Intervention de François de Mazières

Réunion du 28 octobre 2015 à 16h00
Commission des affaires culturelles et de l'éducation

Photo issue du site de l'Assemblée nationale ou de WikipediaFrançois de Mazières :

Je m'associe aux félicitations adressées à nos deux rapporteurs pour avis. Je concentrerai, quant à moi, mon intervention sur les problèmes de patrimoine, mais je tiens à rappeler que la labellisation ne concerne pas uniquement les scènes nationales, puisque 290 établissements sont labellisés. Celles-ci sont très nécessaires, mais pourront-elles se maintenir, compte tenu des contraintes ? On l'espère.

J'en viens au budget du patrimoine. A priori, celui-ci augmente de 16 % en 2016, mais il s'agit d'une hausse en trompe-l'oeil. En effet, l'augmentation de 121 millions d'euros des crédits de paiement sera absorbée par la budgétisation, à hauteur de 118 millions d'euros, de la redevance d'archéologie préventive. Si l'on neutralise l'effet de cette budgétisation et que l'on intègre l'inflation, les crédits du patrimoine diminuent en fait de 4,5 millions d'euros en 2016. Surtout, si l'on observe les choix budgétaires opérés par le ministère, on s'aperçoit que la protection du patrimoine monumental n'est plus assurée. Les crédits de l'action correspondante sont en effet stabilisés par rapport à 2015, mais ils le sont à un niveau bien inférieur à celui de 2012 ; la variation est tout de même de 50 millions d'euros en crédits de paiement, soit une baisse de 16 % depuis 2012. Je me souviens que l'on disait, il y a quelques années, qu'en deçà de 300 millions d'euros, on ne pourrait plus sauvegarder notre patrimoine dans de bonnes conditions ; nous y sommes !

Le problème de l'exécution budgétaire est plus grave encore. Les crédits de l'action « Patrimoine monumental » présentaient un taux de consommation de seulement 80 % en 2014, du fait de moindres dépenses d'investissement – moins 13 millions d'euros – et d'intervention : moins 37 millions d'euros. Comme vous le soulignez, monsieur le rapporteur pour avis, non seulement 5 % des monuments historiques sont en péril aujourd'hui, mais de plus en plus de monuments attendent des travaux urgents, qui sont reportés faute d'argent. Sont concernés non seulement les monuments publics, mais aussi les monuments privés : de plus en plus de châteaux sont en vente, et les associations de défense du patrimoine nous alertent sur le fait que les difficultés croissantes liées à la gestion de ces biens posent un problème de conservation.

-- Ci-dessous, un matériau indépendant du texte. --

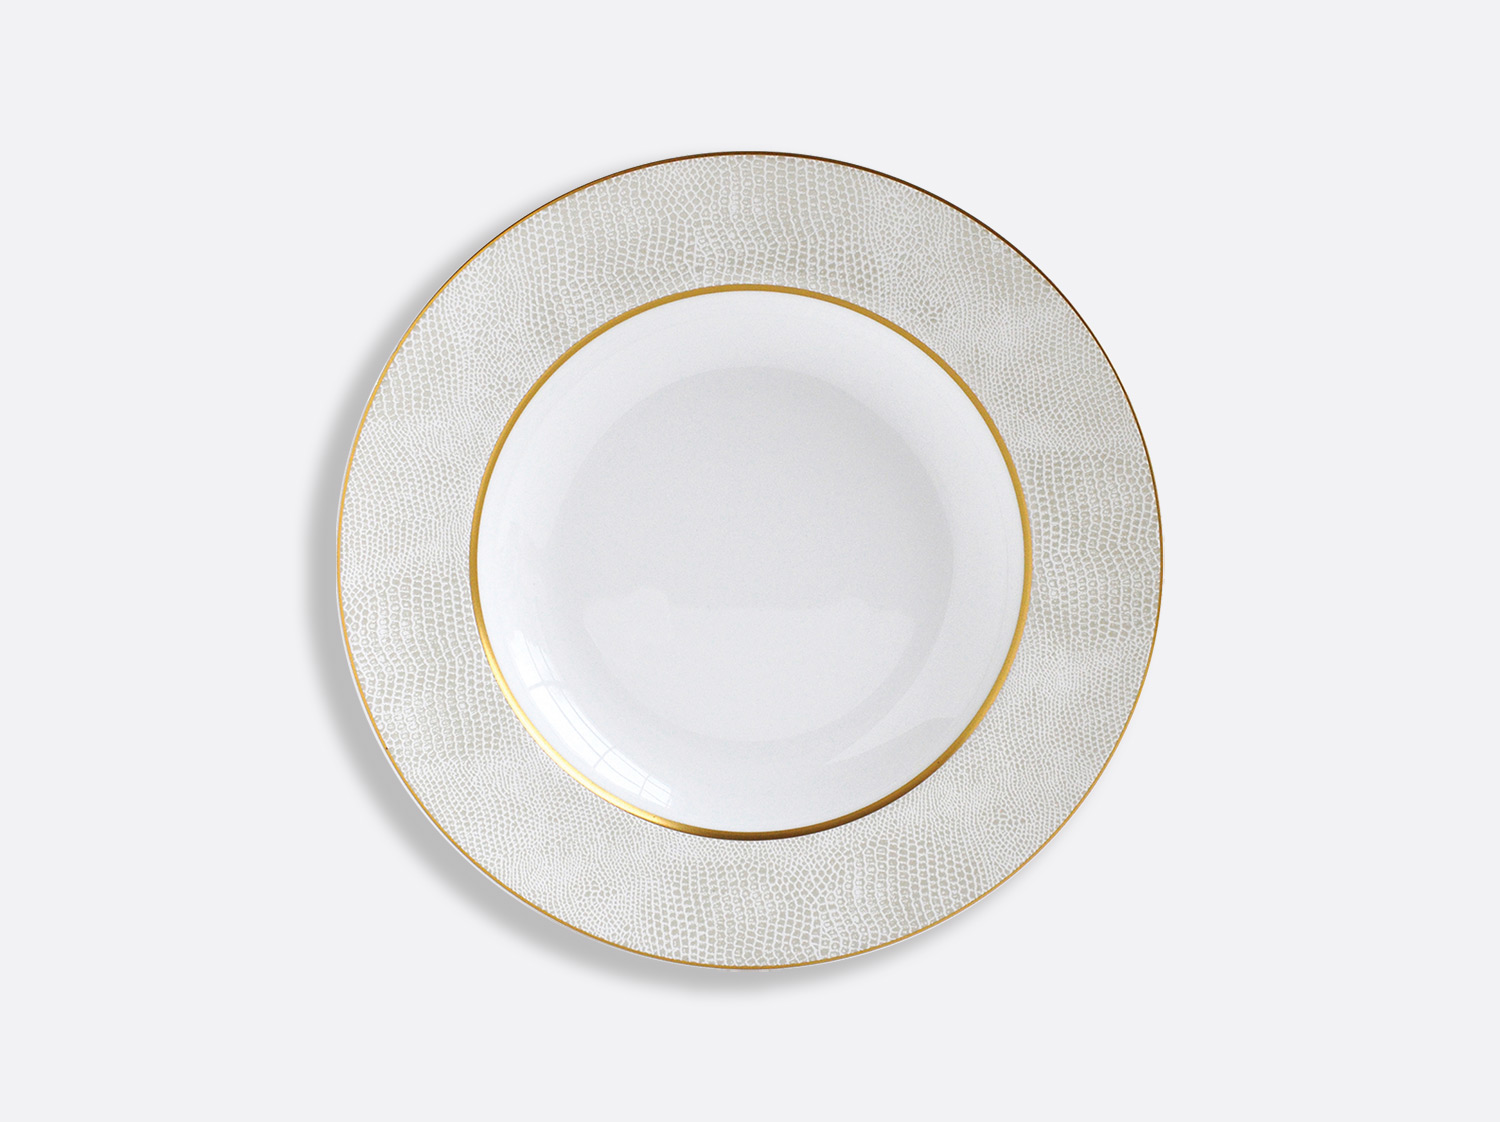 China Rim soup 9" of the collection Sauvage Or Blanc | Bernardaud

Face à ces constats, le législateur peut agir, comme en témoignent les propositions de notre collègue sénateur Vincent Eblé sur les dépenses fiscales relatives à la préservation du patrimoine historique bâti. Son rapport d'information ouvre en effet des pistes très intéressantes quant aux objectifs de la dépense fiscale. Je pense, par exemple, à la question fondamentale de la réintégration des monuments historiques inscrits, qui ont été exclus du bénéfice des avantages fiscaux. De fait, si l'on veut rénover les monuments historiques, on ne peut oublier les monuments inscrits, qui sont plus nombreux aujourd'hui que les monuments classés. Qu'en pensez-vous, monsieur le rapporteur pour avis ?

Par ailleurs, l'enthousiasme qu'a suscité l'ouverture, sept jours sur sept, des grands établissements culturels m'inspire la question suivante. La ministre s'est voulue rassurante en indiquant, dans le dossier de presse diffusé par le ministère, que près de 70 emplois équivalents temps plein seraient mobilisés pour accompagner la mesure. Mais, dans votre avis, vous évoquez 94 emplois. Pouvez-vous nous éclairer sur les effectifs réellement mobilisés ? Surtout, cette prévision est-elle réaliste, au regard de la diminution de 63 équivalents temps plein du plafond d'emplois du ministère ? En outre, le budget de fonctionnement d'un musée est lourd ; il s'élève, pour un jour cumulé de fonctionnement du Louvre, d'Orsay et du château de Versailles, à 735 000 euros, selon le plafond annuel de performances, soit 39 millions d'euros par an. Se pose donc, de manière générale, la question du financement de cette mesure.

Enfin, lorsque je constate que les budgets des établissements publics sont en déficit – qu'il s'agisse de celui que je gérais il y a encore quelque temps, la Cité de l'architecture et du patrimoine, ou de celui du musée du quai Branly, qui est en déficit de 5 millions –, je suis très inquiet pour l'avenir de la culture en France.